<pre>
Table: Employee

+-------------+---------+
| Column Name | Type    |
+-------------+---------+
| id          | int     |
| name        | varchar |
| department  | varchar |
| managerId   | int     |
+-------------+---------+
id is the primary key (column with unique values) for this table.
Each row of this table indicates the name of an employee, their department, and the id of their manager.
If managerId is null, then the employee does not have a manager.
No employee will be the manager of themself.
 

Write a solution to find managers with at least five direct reports.
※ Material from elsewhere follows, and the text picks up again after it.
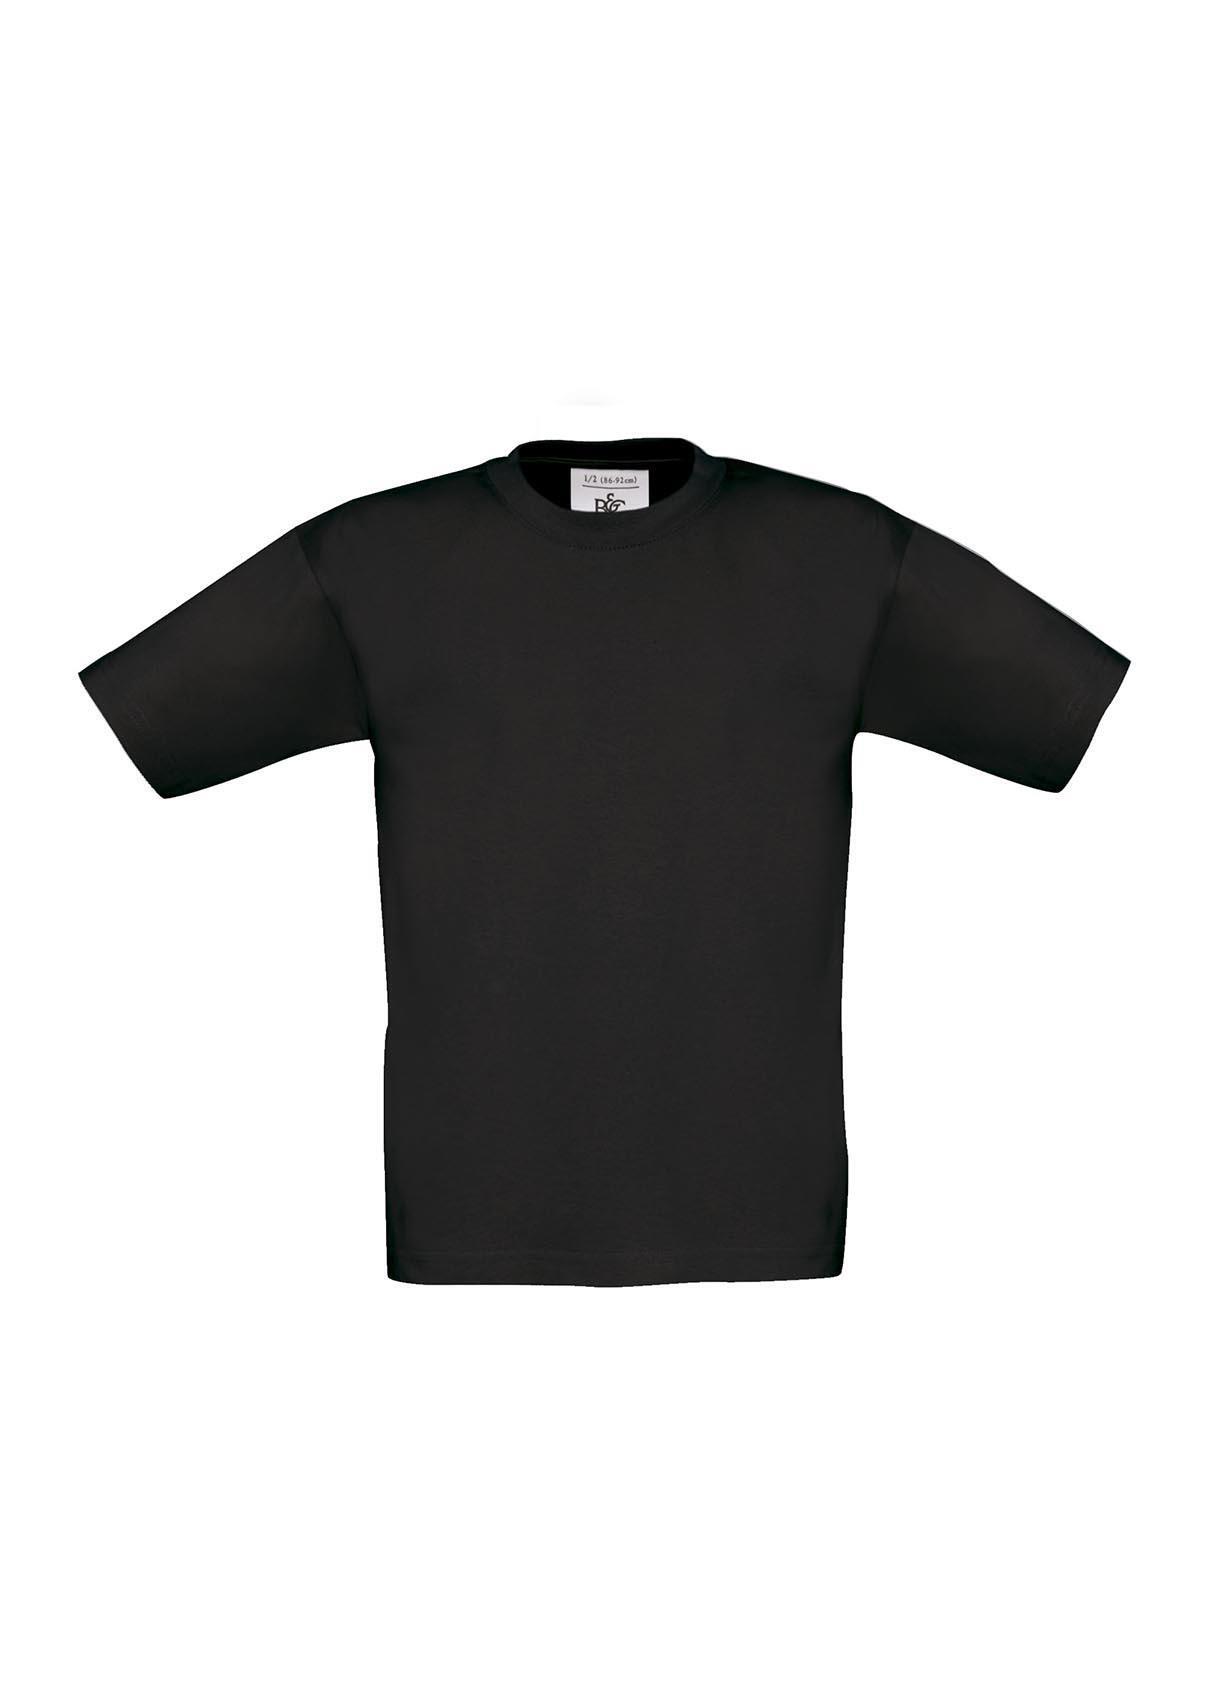 T-shirt voor kids zwart kinder shirt

Return the result table in any order.

The result format is in the following example.

 

Example 1:

Input: 
Employee table:
+-----+-------+------------+-----------+
| id  | name  | department | managerId |
+-----+-------+------------+-----------+
| 101 | John  | A          | null      |
| 102 | Dan   | A          | 101       |
| 103 | James | A          | 101       |
| 104 | Amy   | A          | 101       |
| 105 | Anne  | A          | 101       |
| 106 | Ron   | B          | 101       |
+-----+-------+------------+-----------+
Output: 
+------+
| name |
+------+
| John |
+------+
</pre>

In [0]:
spark

In [0]:
# importing pyspark sql functions
from pyspark.sql.functions import *

# importing sql types from pyspark
from pyspark.sql.types import StructType, StructField, StringType, TimestampType, DoubleType, IntegerType, DateType, FloatType

# importing SparkSession
from pyspark.sql import SparkSession


In [0]:
# creating spark session and providing app name
spark = SparkSession.builder.appName("leetcode-top-50-sql-solution-with-pyspark").getOrCreate()

In [0]:
# creating Schema
# Define the schema for the Employee table
employee_schema = StructType([
    StructField("id", IntegerType(), False),
    StructField("name", StringType(), True),
    StructField("department", StringType(), True),
    StructField("managerId", IntegerType(), True)
])





In [0]:

employee_df = spark.createDataFrame([
     (101, "John", "A", None),
    (102, "Dan", "A", 101),
    (103, "James", "A", 101),
    (104, "Amy", "A", 101),
    (105, "Anne", "A", 101),
    (106, "Ron", "B", 101)
], schema=employee_schema)







In [0]:
employee_df.display()

id,name,department,managerId
101,John,A,
102,Dan,A,101.0
103,James,A,101.0
104,Amy,A,101.0
105,Anne,A,101.0
106,Ron,B,101.0


In [0]:
# Leetcode Solution in Spark SQL
# Creating Temporary view for the product dataframe for sql queries
employee_df.createOrReplaceTempView('employee')


sql_result = spark.sql(
    '''
    SELECT name
    FROM employee
    WHERE id IN (SELECT managerId 
    FROM employee 
    GROUP BY managerId 
    HAVING COUNT(managerId)>=5)
    
    '''
)

# Displaying Result
sql_result.display()

name
John


In [0]:
# Leetcode Solution in PySpark

# Calculating managers with at least five direct reports.
manager_df = employee_df.filter(col("managerId").isNotNull()).groupBy("managerId").agg(count("*").alias("direct_reports"))
manager_df.show()

# filtering manager  with at least five direct reports.
filter_df = manager_df.select("managerId").filter(col("direct_reports")>=5)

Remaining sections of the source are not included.